On Aug 16, 2009, at 11:02 PM, Ralph Castain wrote:
I think the problem here, Eugene, is that performance benchmarks are far from the typical application. We have repeatedly seen this - optimizing for benchmarks frequently makes applications run less efficiently. So I concur with Chris on this one - let's not go -too- benchmark happy and hurt the regular users.
FWIW, I've seen processor binding help real user codes, too. Indeed, on a system where an MPI job has exclusive use of the node, how does binding hurt you?
On nodes where multiple MPI jobs are running, if a resource manager is being used, then we should be obeying what they have specified for each job to use. We need a bit more work in that direction to make that work, but it's very do-able.
When resource managers are not used and multiple MPI jobs share the same node, then OMPI has to coordinate amongst its jobs to not oversubscribe cores (when possible).
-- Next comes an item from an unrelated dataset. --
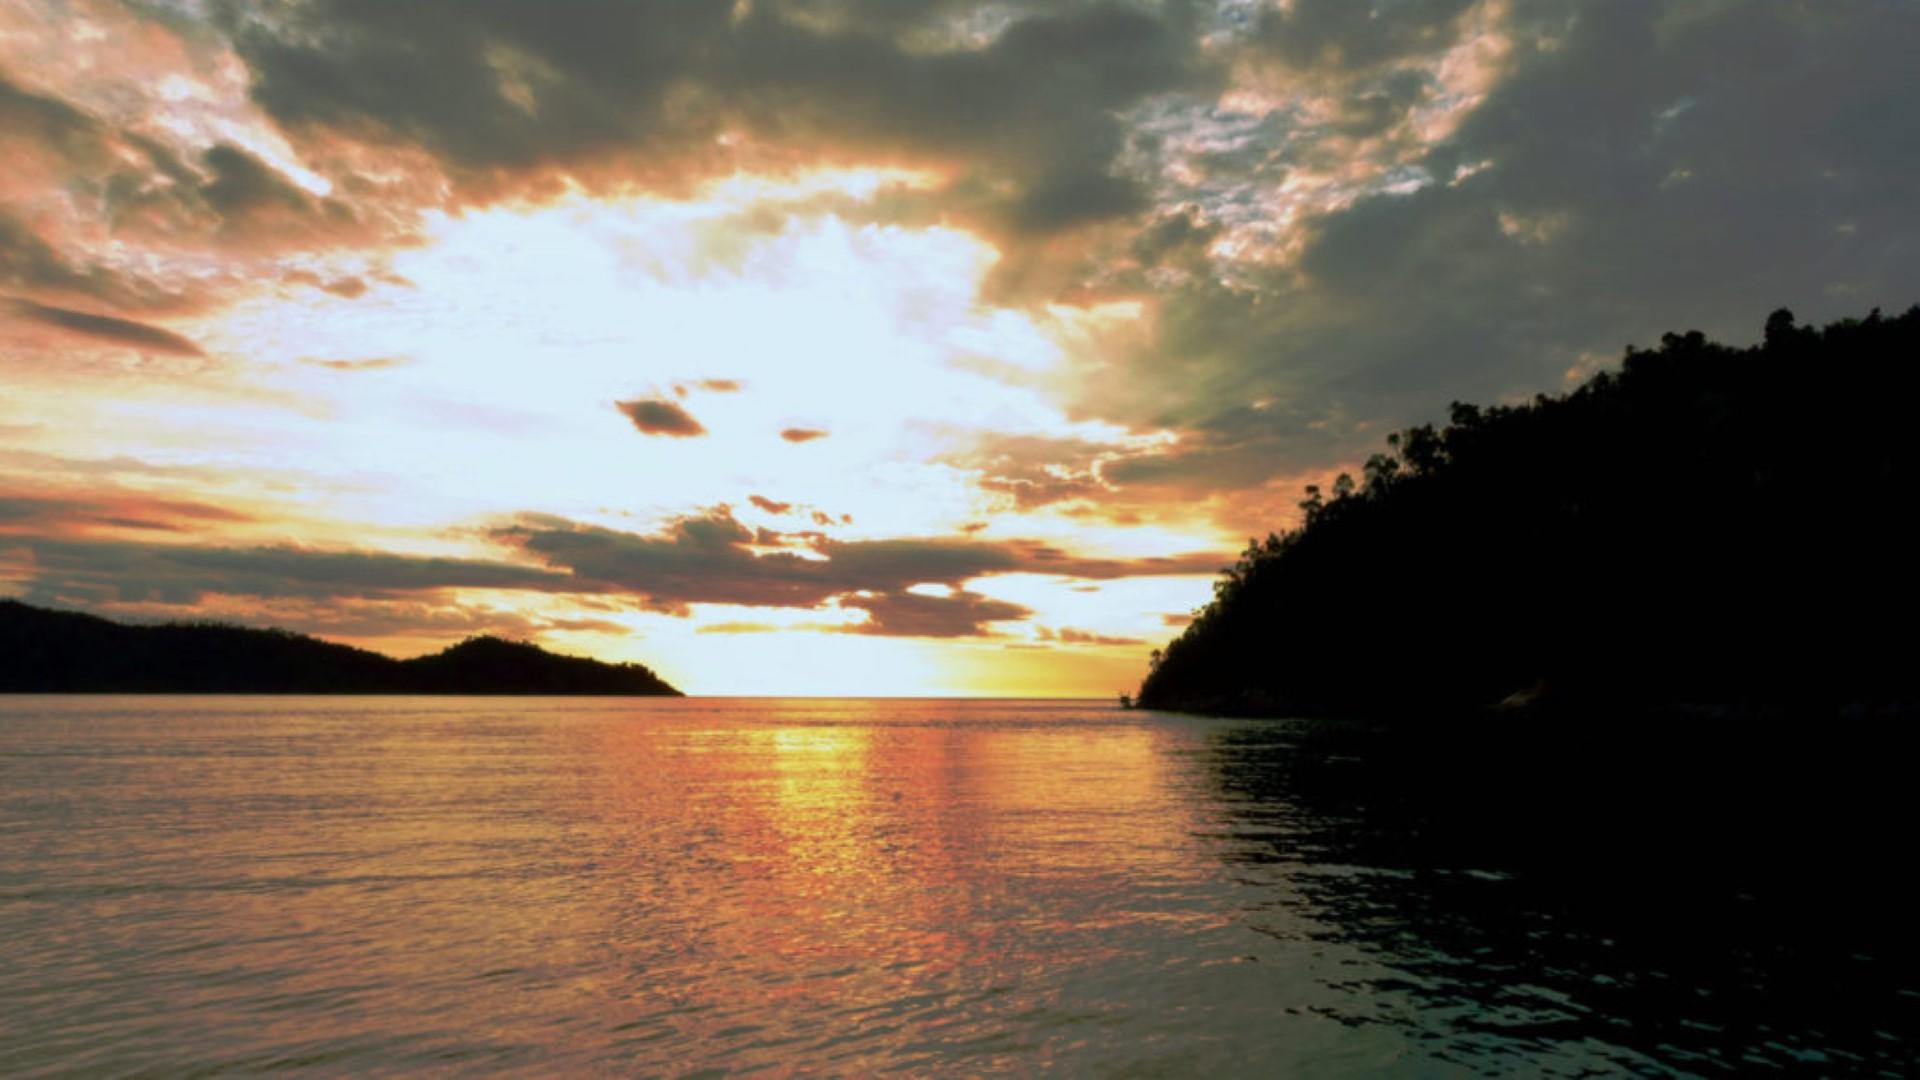 coucher de soleil baramahamay

As Ralph indicated in a later mail, we still need some work in this area, too.
Here at LANL, binding to-socket instead of to-core hurts performance by ~5-10%, depending on the specific application. Of course, either binding method is superior to no binding at all...
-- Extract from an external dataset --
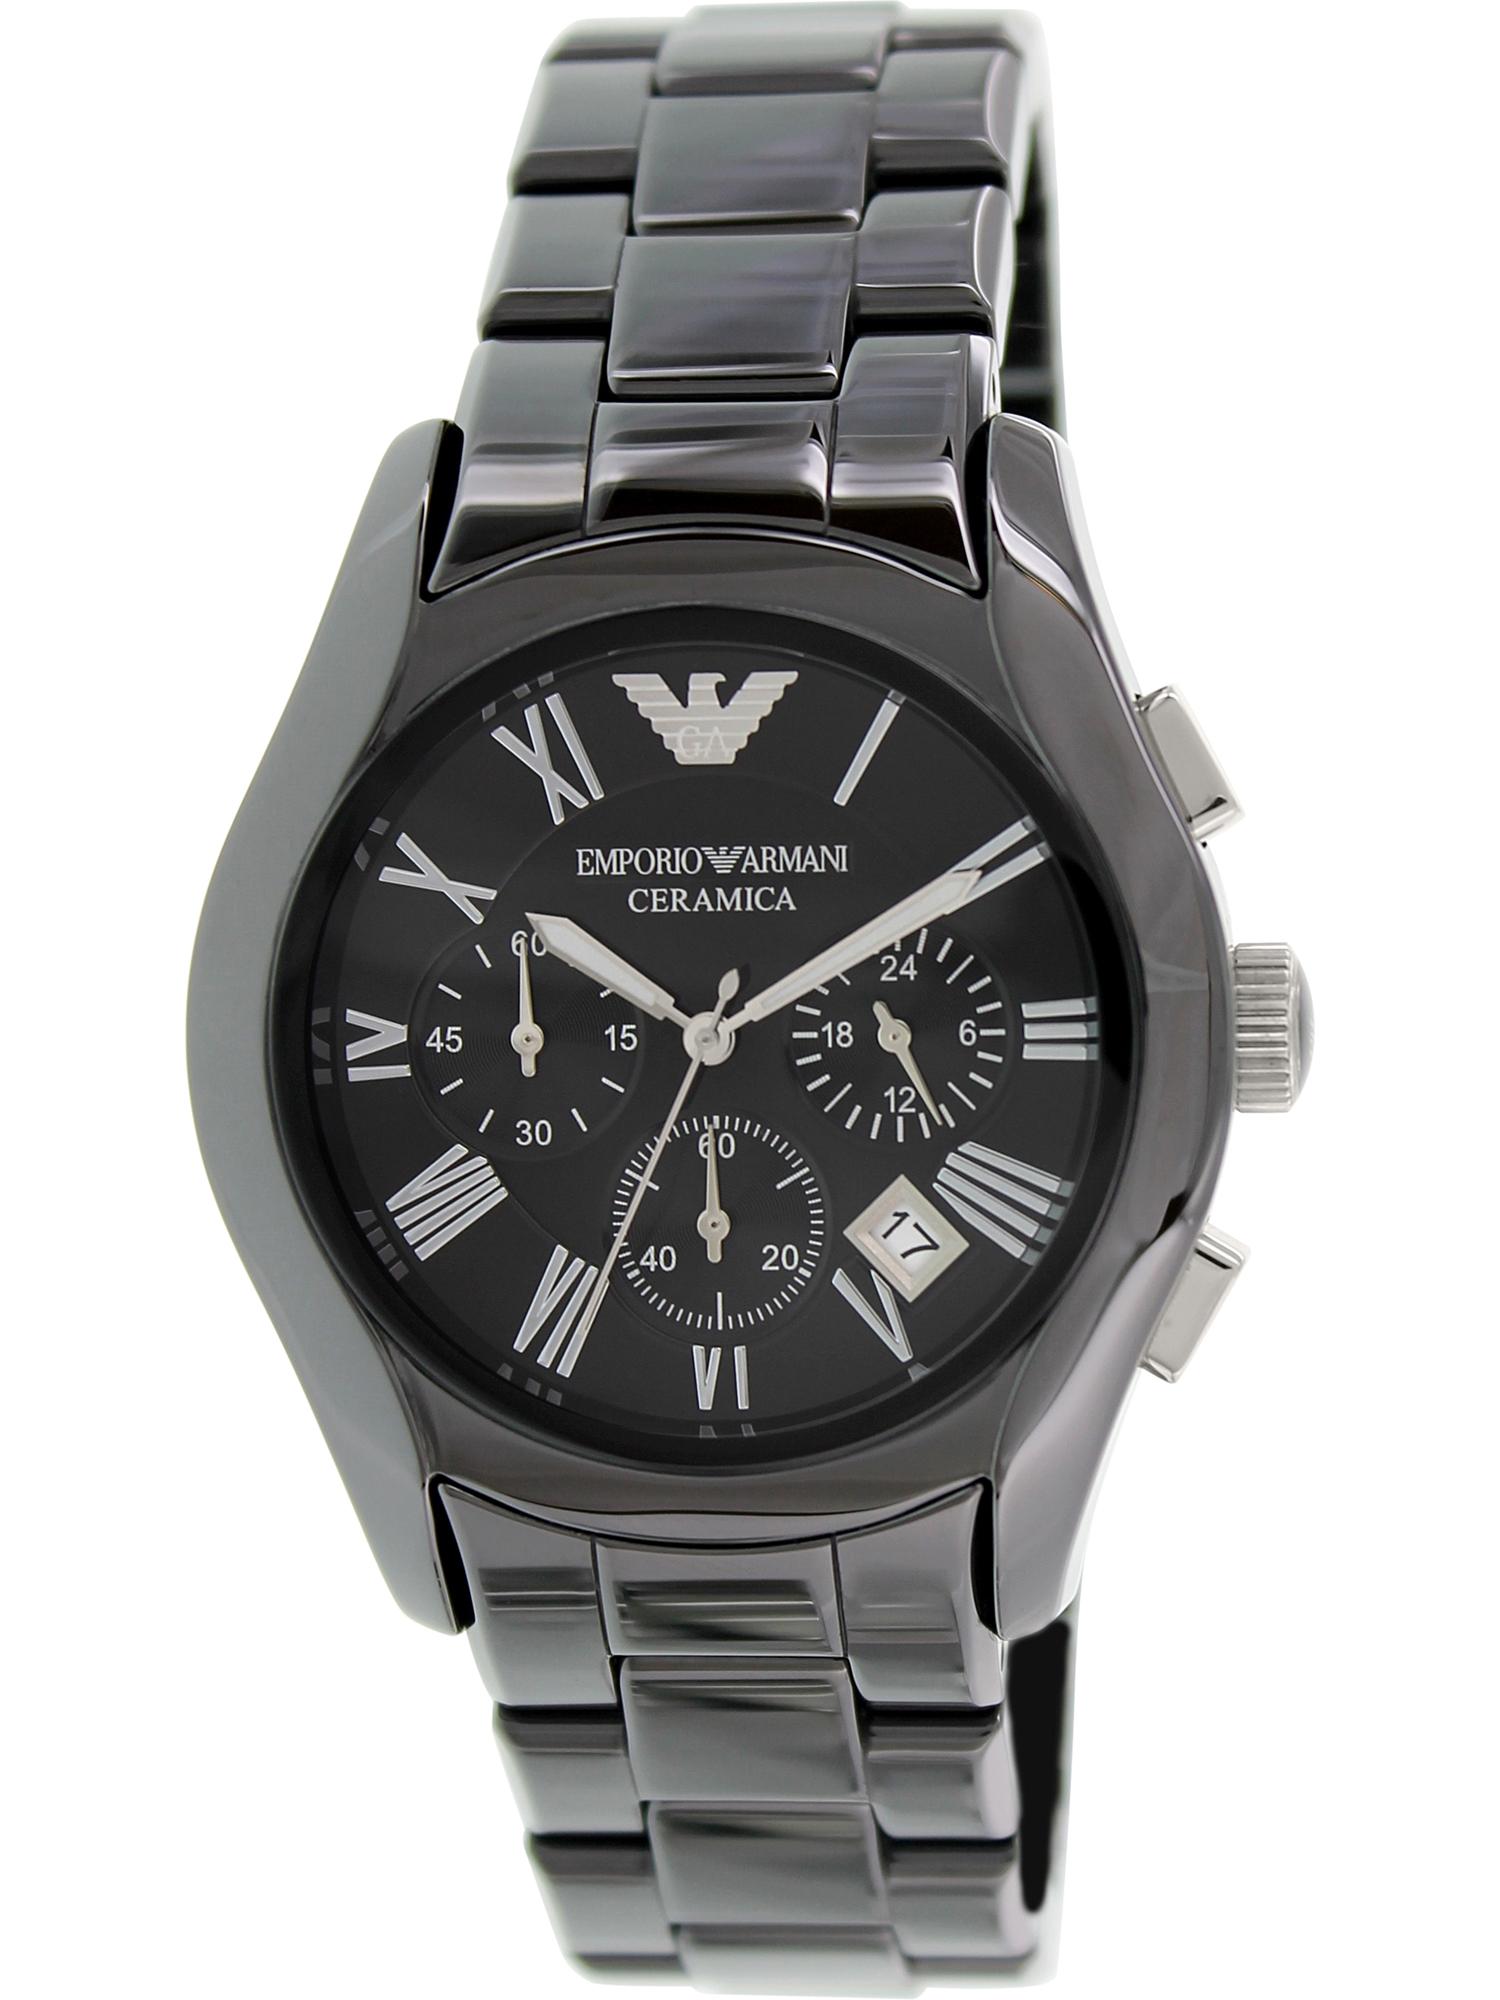 Emporio Armani Men's Ceramica Black Ceramic Analog Quartz Fashion Watch AR1400

This is probably not too surprising (i.e., allowing the OS to move jobs around between cores on a socket can probably involve a little cache thrashing, resulting in that 5-10% loss). I'm hand-waving here, and I have not tried this myself, but it's not too surprising of a result to me. It's also not too surprising that others don't see this effect at all (e.g., Sun didn't see any difference in bind-to-core vs. bind-to-socket) when they ran their tests. YMMV.
I'd actually be in favor of a by-core binding (not by-socket), but spreading the processes out round robin by socket, not by core. All of this would be the *default* behavior, of course -- command line params/MCA params will be provided to change to whatever pattern is desired.
UNLESS you have a threaded application, in which case -any- binding can be highly detrimental to performance.
I'm not quite sure I understand this statement. Binding is not inherently contrary to multi-threaded applications.
-- Jeff Squyres jsquy...@cisco.com